霍松声想起刚才从江水中上船时,粗糙的麻绳似乎正缠绕在林霰绑着白纱的右手上。
霍松声的眼尾压不住般跳了一下。
第五章
霍松声启了唇,指着林霰的手:「要紧么?」
林霰稍有缓和,左手用力在右手上按了一下,旋即背到身后去:「不要紧。」
霍松声点点头,先一步出去。
「刚刚那俩人是拖了个人出去?」霍松声往后面走,拍了拍周围堆起的货物,「有人将活人装成货物运上船?为什么?」
霍松声衣服还在滴水,走一步留下一个潮湿的脚印,他停下来,蹙起眉头。
林霰看着那串脚印:「先离开这里吧。」
霍松声原地看了一圈,确定船舱中都是货物:「走吧。」
俩人正欲离开,霍松声放在门把上的手忽然顿住。
「他们回来了。」
这次的脚步声比上一次还要急,匆促间,霍松声和林霰只来得及躲在摆放货物的木架之后。
门开了,两个船员匆匆闯进来:「快找找那女的在不在这儿。」
木架后的空隙很窄,霍松声与林霰不得已贴在一起。
他们互相欠着身,从侧面看像是将头搭在对方的肩膀上。
霍松声微微往后仰了一点,用口型对林霰说:「女人」。
林霰点点头。
他们同时想到了不久前跳船的那个姑娘。
船员在舱后找了片刻,没有收穫,急起来:「他娘的,那婊子不会跑了吧!」
另一人说:「不可能,船在江上行,又没靠岸,能往哪儿跑?」
「走,去上面看看,是不是混在三层人堆里。

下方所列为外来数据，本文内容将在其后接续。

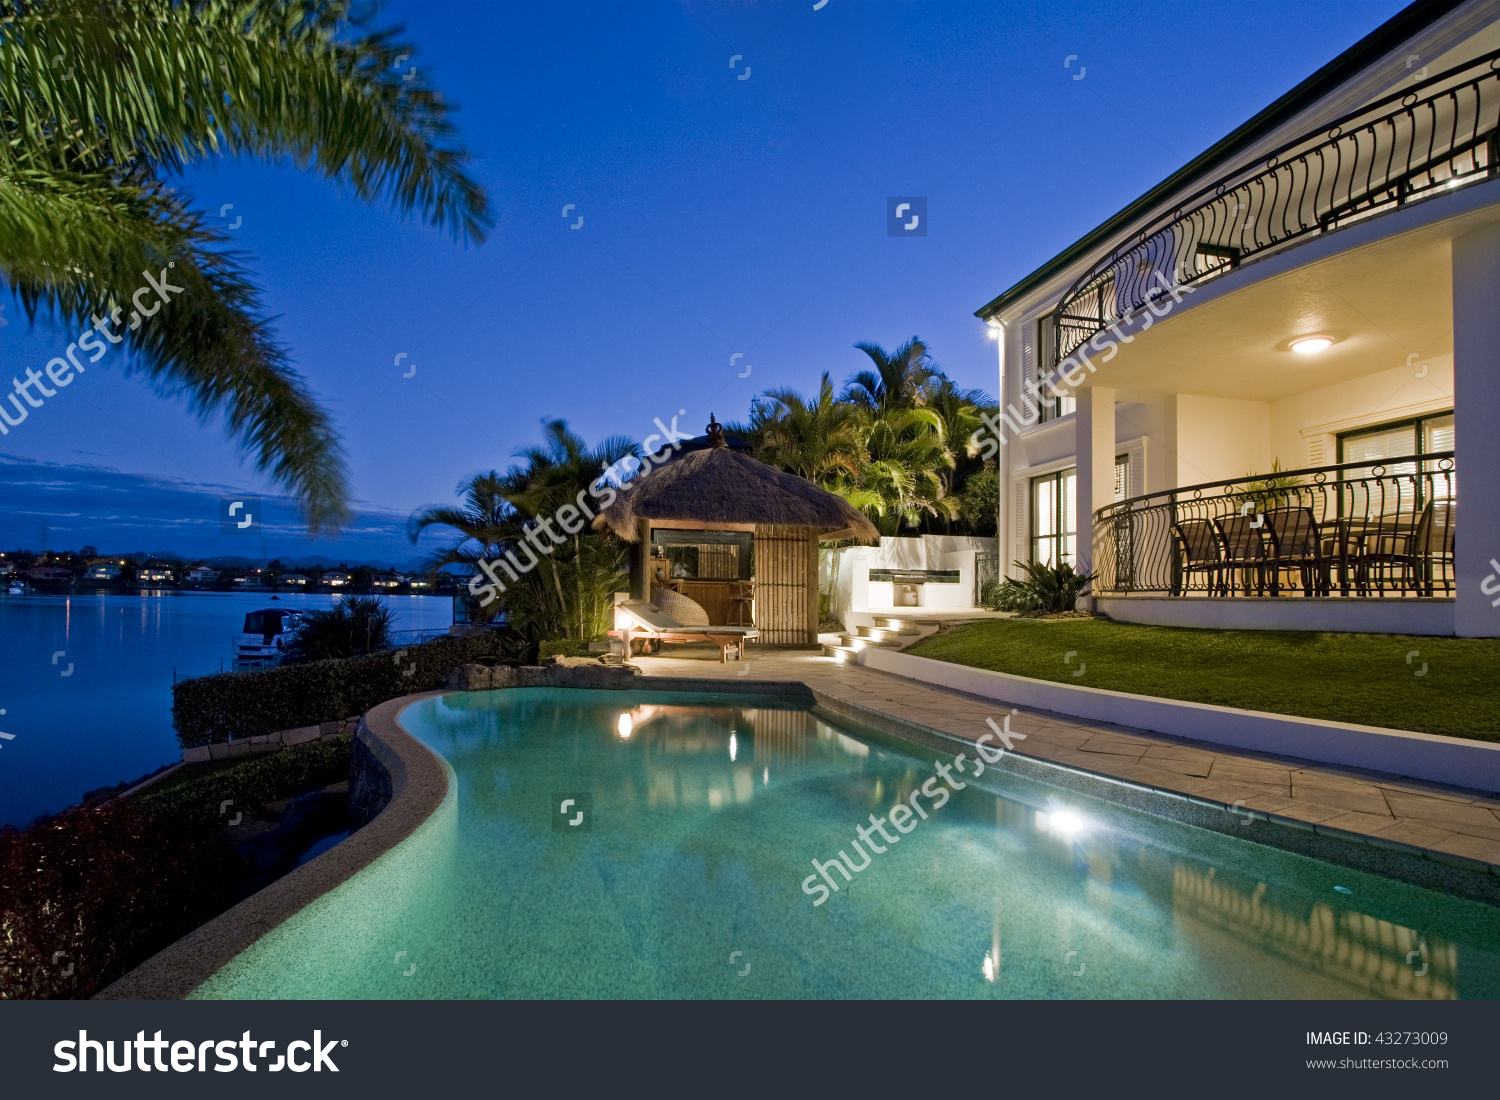 stock-photo-luxurious-mansion-exterior-at-dusk-overlooking-pool-canal-and-bali-hut-43273009

」
俩人说着便要离开。
「等等——」
一人突然低下头,地上错综的脚印是他们从外面带进来的。
但是还有一道——
霍松声眼泛寒光,听见刻意放轻的脚步声正朝他们走来。
说时迟那时快,那俩人陡然推开木架!
霍松声将林霰往旁边一推,一手抓住一名船员的手腕,用力卸下,然后顺势扣在身后将人按在地上。
「林先生。」霍松声坐在其中一人的背上,用脚踩着另一个人,冲林霰痞痞地笑,「劳驾替我将甲板上的麻绳取来。」
·
半炷香后。
俩个船员五花大绑被扔在角落,霍松声坐在他们对面的木箱上,手里不知从哪顺来一根长长的木条。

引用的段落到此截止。